US: Yeah. I think ‘companion sound’, that sounds nice. 

EF: ‘Companion sound. 

US: It kind of covers a large area. 

EF: I think this maybe is useful time to relate it to the story of getting here, because this is also a story of liveness in a very particular time, of live sound playing out and through a time which we all know is a time of the pandemic and also now, in recent weeks, a time of mass protests. And when we met for the second time, we were in Greece, and this is when Greece locked down, in the time that we met for the second time. 

US: Yes. 

EF: And we actually happened to be recording when the alert went out – so audio recording the moment in which the alert went out to say: ‘Everyone now stay at home.’ 

US: Yes, this is the national alert that goes to all phones actually in the country. So it had gone off on my phone even, even though I have a Dutch phone subscription. 

EF: I think the reason why also we might – if people can’t see us – why we might be also looking at each other almost stunned by the remembrance of this time, because it was stunning. And listening to the recording it feels very affecting, and odd, and also tender, because it’s with people who we’d only met – well, that one person, who would we’d only first met that night, and who very generously said: ‘Yeah, you can record this whole evening.’ Three hours of recording or something, and in the middle, this alarm. And actually this was when we were invited to have this conversation, this immediately was the sonic cue that I think we shared as an audio piece that would both anchor and mark a certain time and date – date a recording but also date us in that space, and also speak to what this time is now, you know, as lockdown lifts. This kind of arc in a sense. And then today we’ve had this day reworking our way through the use of this recording, through the ethics of using recorded sound out of context and out of time. And also, given our recent conversation about the feeling about the ways that listening is shifting, it felt then really not right to play that recording here. 

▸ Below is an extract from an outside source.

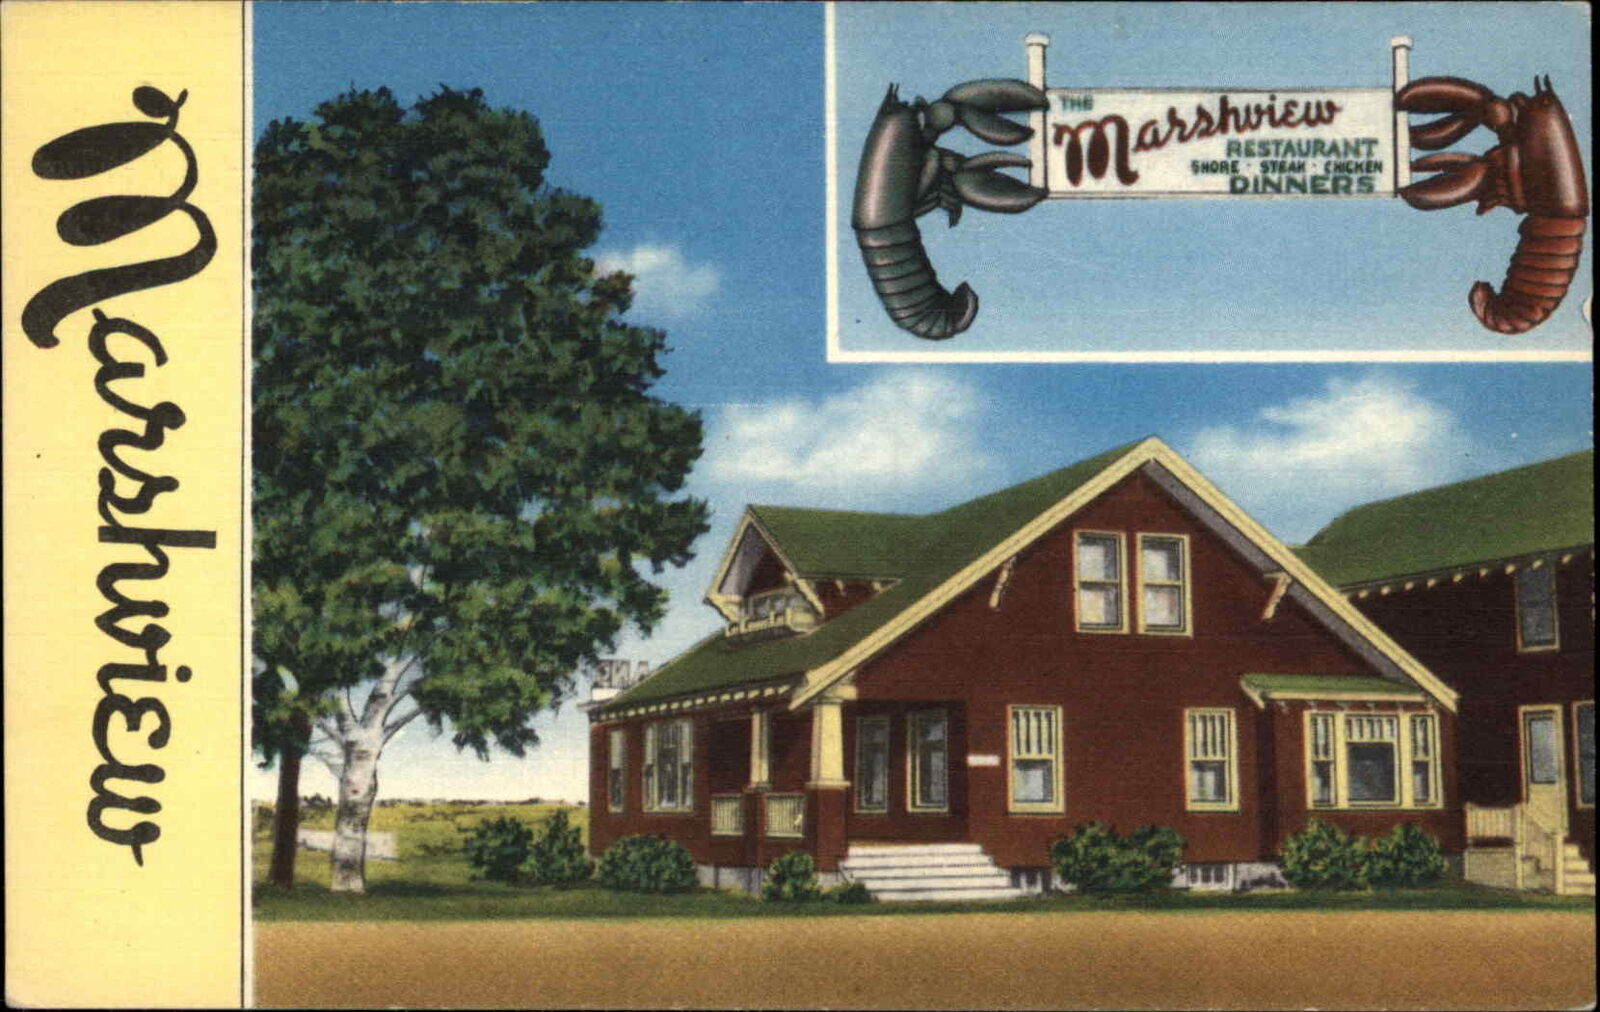 West Scarboro Maine ME Marshview Restaurant c1930s-50s Postcard

US: Out of its initial sort of properties, its time, like the context and the other conversation partners. I’m not sure if it’s about ‘right’, like, they ‘didn’t feel necessarily right. Maybe we were also already feeling like maybe it’s not necessary? I mean, obviously the sound itself is profound. The fact that we even have a recording of it is bizarre. It is so bizarre that we have this moment. We have the before – we have this moment, this marker, the sonic marker – and then we have the after, in which sounds and life, between quotes, goes on, except it is now – I mean, we know it is forever changed. And we have that moment in which sonically we can hear when that moment happened in time. We knew in that moment that this was – I mean, it was also frightening and it was disturbing as a sound, like as something that was coming out. And as we were like having this completely other mode and listening to all kinds of like music, and having conversations, and then this outside – this message from the state ringing the alarm, the state alarm, the alert to all, everybody’s phones, and also knowing that this is the sound that everyone in the country is hearing or overhearing from someone nearby with the alert saying: ‘Emergency: this has now happened.’ In other words, life as you know it is suspended for the time being. So it’s bizarre that we even have a record of that, but to convey that or to share that with people who were not present, maybe hearing it might not necessarily be – at least, not the only way. 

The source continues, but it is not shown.